Gemba, a Senegalese who works in a topless bar in the red-light district of Kabukicho, said: “Every day, I feel discriminated against. Japanese people don’t like foreigners.

“If you are inside a train, the Japanese will not sit close to the foreigners.” He said he had overheard people talking about him in Japanese as though he were stupid. But the situation is complex, affected by factors like profession, income and appearance.

Aarthi Muniswamy, an Indian IT worker from Chiba prefecture, said her nationality carried positive associations in Japan. “In some parts of Japan they think people from India are very brainy,” she said.

Regional tensions

Faced with calls to relax immigration restrictions, the government has shown some flexibility. The immigration bureau is in talks with the Philippines about accepting Filipino care workers—badly needed to help look after Japan’s elderly.

The difficulty, however, comes when considering unskilled labourers, who are currently not allowed to work in Japan. And they are just the kind of people Japan needs most as its population ages, according to Tony Laszlo, director of an anti-discrimination organisation in Tokyo.

“In 10 years, 20 years, 50 years, you have to ask yourself who is going to be finding the holes in the tunnel and patching them up so people don’t die, who is going to be climbing the buildings to wash the windows, who is going to be building bridges and fixing bridges, and the answer is you don’t have these people,” he said.

Illegal labour could take up some of the slack. Japanese authorities say there are 250,000 illegal immigrants, the majority of whom entered the country on a temporary visa and over-stayed. Many of these people are thought to work as unskilled labourers. But the government wants to halve that number in the next five years, and it does not appear ready to legalise unskilled foreign workers.

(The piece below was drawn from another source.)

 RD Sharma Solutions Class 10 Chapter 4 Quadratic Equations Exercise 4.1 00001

Isao Negishi, assistant director to Japan’s immigration policy planner, argued that doing so would threaten Japanese people’s jobs in sectors like construction—an industry where work is currently scarce.

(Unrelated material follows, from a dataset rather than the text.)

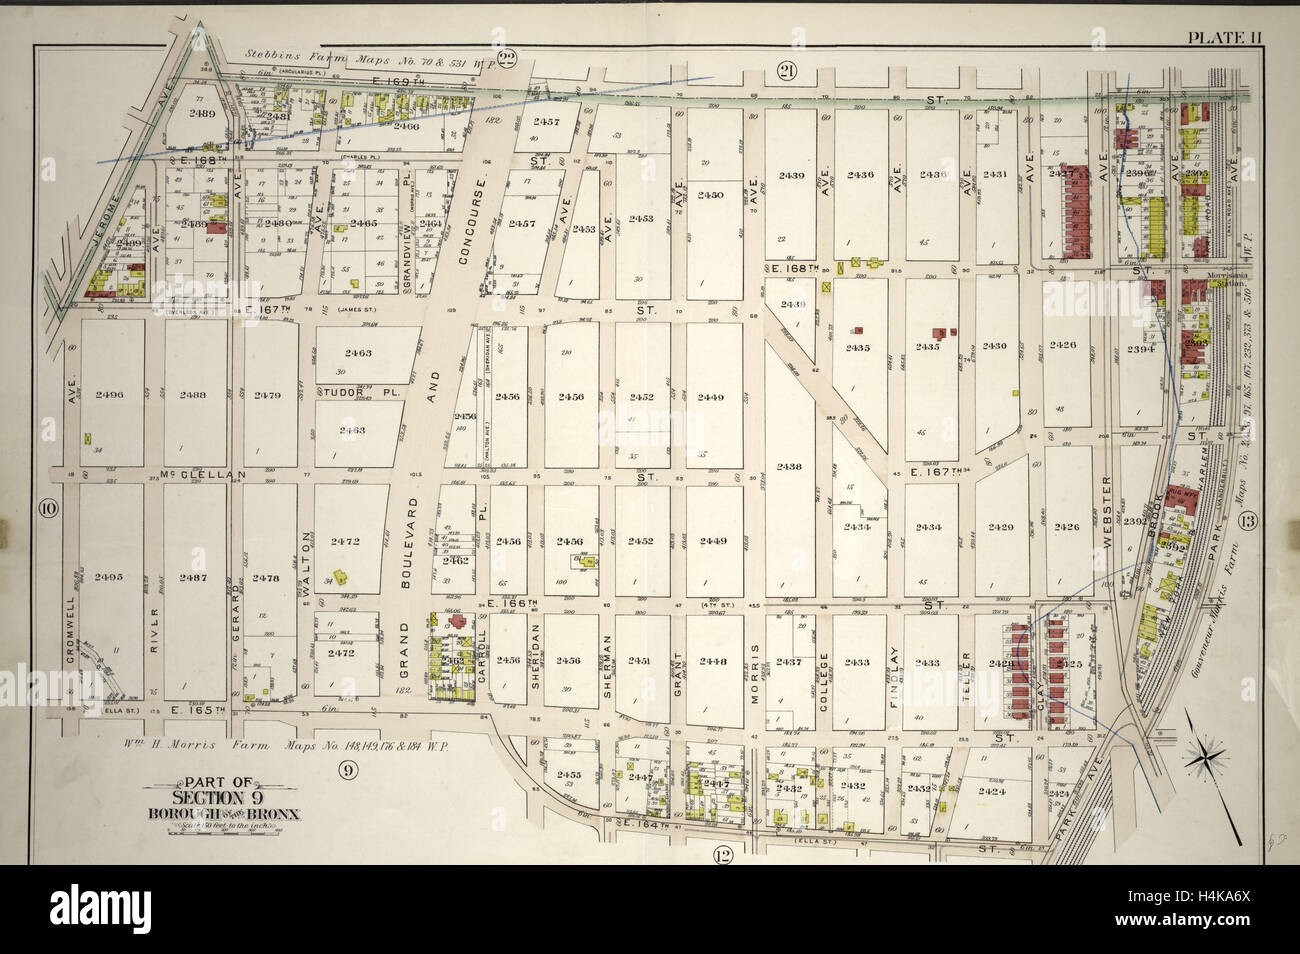 Plate 11: Part of Section 9, Borough of the Bronx. Bounded by Jerome Avenue, E. 169th Street, Park Avenue, E. 164th Street Stock Photo

As the population continues to age, however, economic arguments against bringing in unskilled labour will weaken. Emotional arguments, though, will stand.

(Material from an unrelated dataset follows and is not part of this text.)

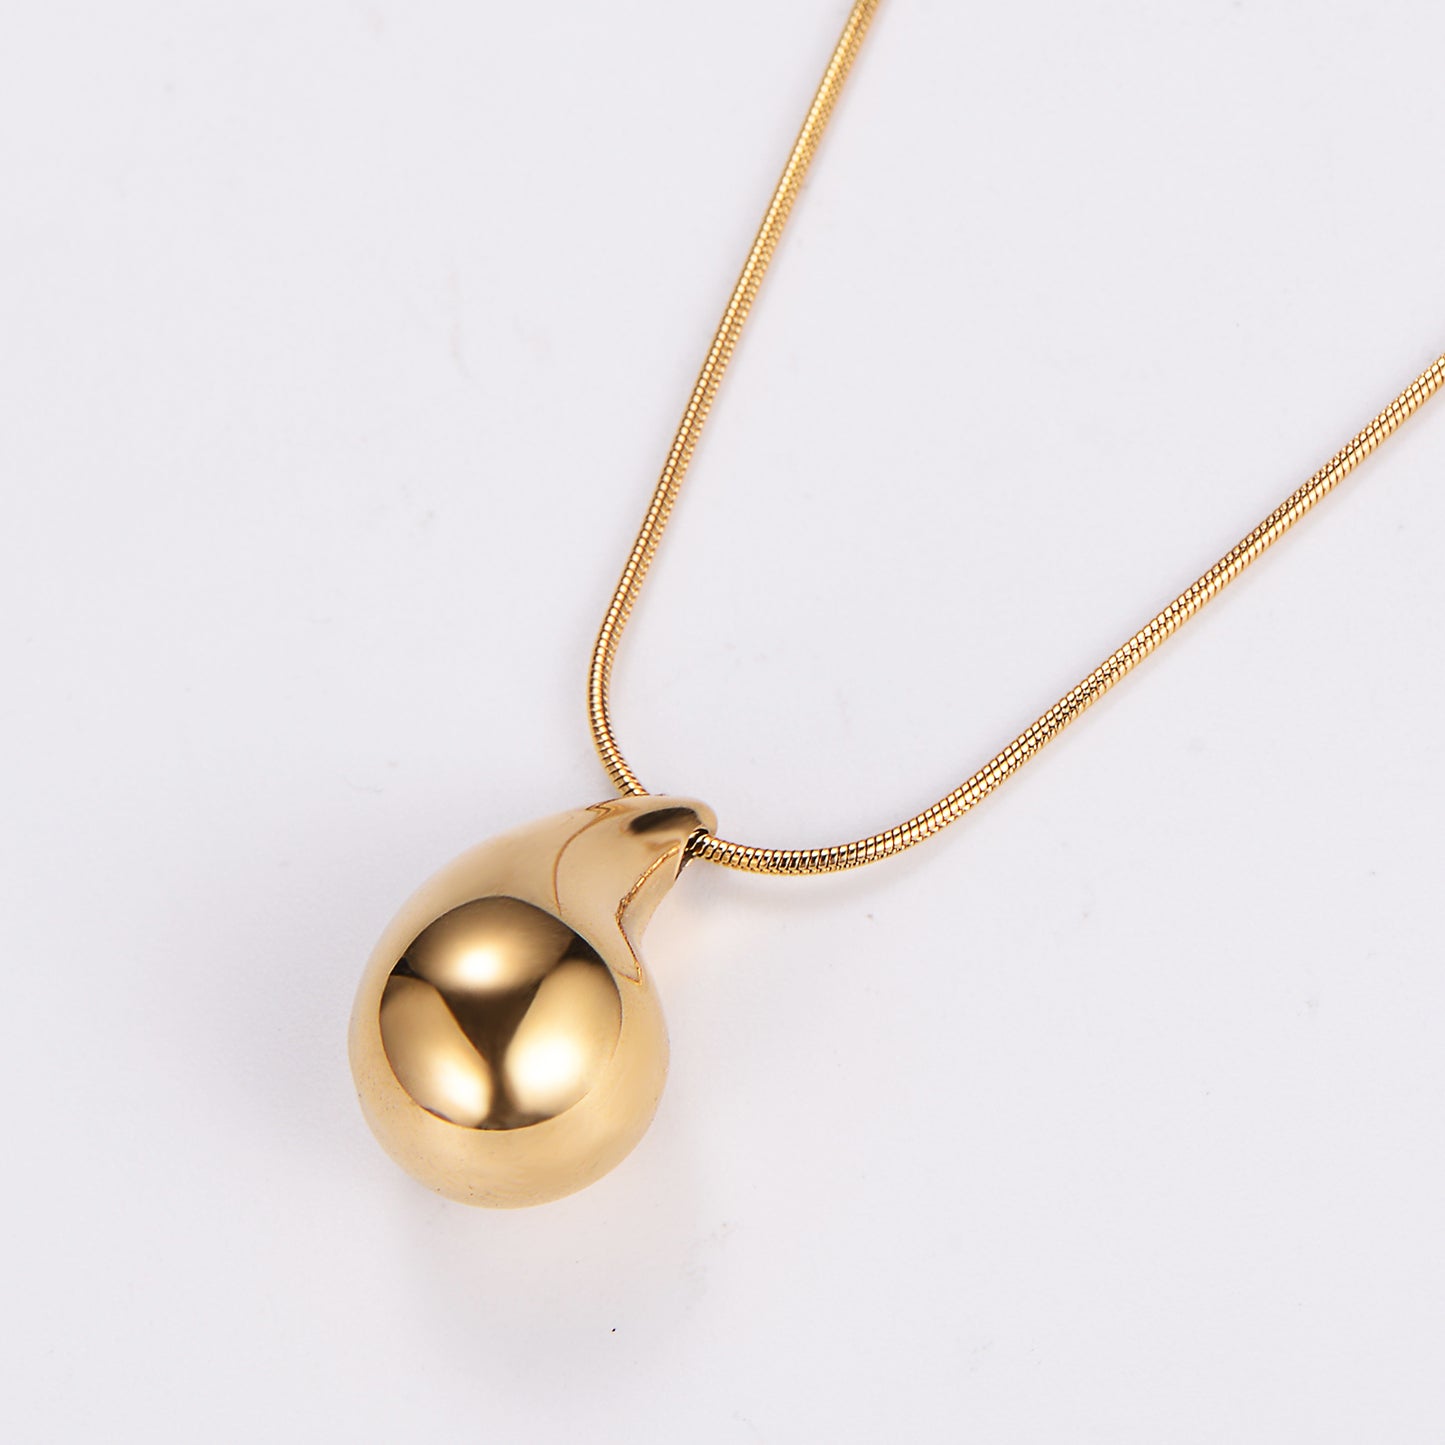 Stainless Steel Elegant Water Droplets Pendant Necklace

It is likely that any unskilled workers will come from countries which are geographically close—namely China and Korea. And of Japan’s neighbours, it is these countries who still hold the strongest grudge against Japan’s wartime behaviour. Mr Laszlo said that relations with Korea had improved markedly over the last two or three years. The 2002 World Cup, which Japan and

South Korea jointly hosted, helped ties, and there has been a recent upsurge in interest in South Korean culture.

China, though, continues to have delicate relations with Japan. The outrage sparked by a Japanese orgy in China last December, and the riots following Japan’s victory over China in the Asian Cup earlier this year, have scratched wartime era wounds. Hideko Yamamota, a 48-year-old Chinese woman born in Japan, said she had suffered discrimination.

“One of my teachers said: ‘Why should I help a Chinese person get a job?’ I was very upset. If there’s crime and you are there, then you are questioned by police.” In light of such testimony, Japan’s government faces a difficult choice between relaxing its immigration policy and possibly upsetting social stability, or jeopardising the country’s long-term economic success.